I sit and think for seconds, minutes, hours, day after day, still lacking that cunning plan.

At that age I used to smoke a lot, (no not cigarettes), the special stuff. Me and a couple of my buddies decide to take a trip to Amsterdam. We tell our parents that it is a trip purely for visiting places of interest and culture. The prospect of smoking legally and the Red Light District did not feature in helping us to make the decision! Dunno if they were gullible or just couldn’t be bothered to debate it. 

We get to Amsterdam check in and go to the 1st cafe้ we can find. We get more stoned that I had ever been in my young years in the 1st half an hour then find the red light district. I was young and oblivious to the fact that there were lady boys or shemales in Amsterdam. 

Anyhow I’m excited, stoned out of my little box and I had had a bit to drink as well. I was walking down the street with a swagger in my step. Now none of us had ever paid for sex. All the big talk had gone out the window when we walked past the windows, everyone was like 'you go first... I'll go after you!' This went on for about half an hour and I was getting pissed off. I said 'Fuck you lot I'm going in. You point at a window and I'll go in there and do my stuff!' lol. They laugh and say 'Yeah alright, mate. Course you will!' I go into the first window that they see and pay 50 Gilders for a fuck and suck. I came out and thought I was the Man. This went on for a while in my 1st few hours in Amsterdam and I shagged 4 or 5 women. The last one threw me out and said I was too drunk and Stoned, as I wasn’t coming!

We eat, drink, do some sightseeing and then we went on another ho' hunt. lol. We get to a section that seemed a little strange. All the women were different but still appealing. It didn’t take the group long to work out we were in the shemale section. My friends screamed abuse and made everybody around them know that they were disgusted at the prospect of someone who had had a sex change. I'll be honest: I too joined in and said "err.... that’s disgusting!" when really my ass wanted to run in there and grab the birds knob and tug at it till she shot her load all over the wall then bend her over and shag the shit out of her. But, hey, it wasn’t gonna happen.

Well, at least, I didn’t think it was!

At that age I wouldn’t go so far as to say I lacked confidence but I was very worried about what other people thought of me.

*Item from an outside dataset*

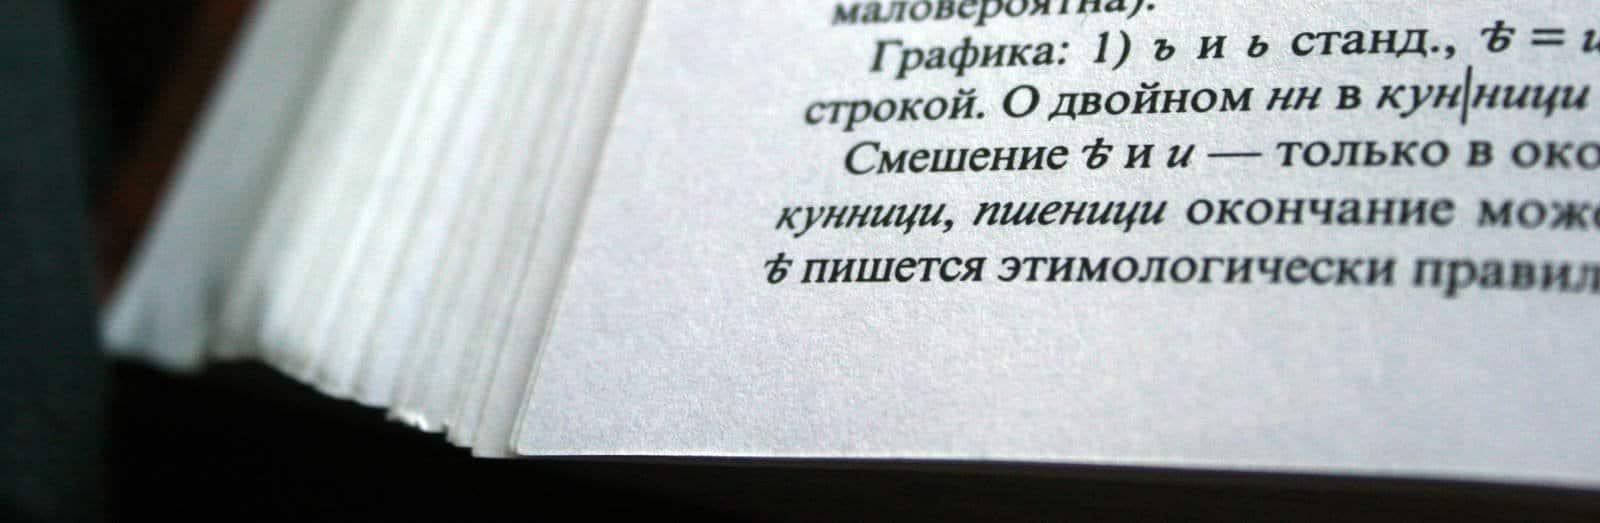 Texto en cirílico, por Quinn Dombrowski, en Flickr (5124057315), con licencia CC by-sa

Any way we go to another Cafe้ and we are still discussing how vile the site of a ladyboy was. (Little did they know I had a stiffy the size of England.)

I give it twenty minutes and I just couldn’t take it anymore. Even though I couldn’t smoke copious amounts, I could smoke the most out of the group. I built up a big blunt, bought some cakes, and tea and fed these fukas to my friends till all I could here was snoring. All in all it took me an hour before they were sleeping. lol. I go over to the guy at the till and say they’ve past out will they be alrite for half hour. lol. He laughs as says no prob. 

Now I come out the caf้e and try and get back to where I had seen the ladyboys. Now I'd eaten cake, smoked and drank tea, so everything is slowly but surely becoming a blur. But somehow I get back to the street. I walk up to the door where I saw the half man half woman beauty but she looks at me and says 'no!' I ask 'Why?' and she just looks straight thru me. BITCH.

"My buddies are probably close to OD’ing and all 'cos I came back for you!"

I look around and all the other windows have the curtains across, barring one. 

I look at her and 'she’s' about 6ft 7in’s, with shoulders that the Hulk himself would have been proud of. I’m in a terrible state and getting worse. lol. I say 'fuck it'. I walk in pay her 100 Gilders and she says to me "You know that I am a Transsexual?" I laugh and say 'yes'. She takes my dick out for the sucky sucky and tries the oldest trick in the book of trying to wank the hell out of me so I cum and she doesn’t have to give up the sex.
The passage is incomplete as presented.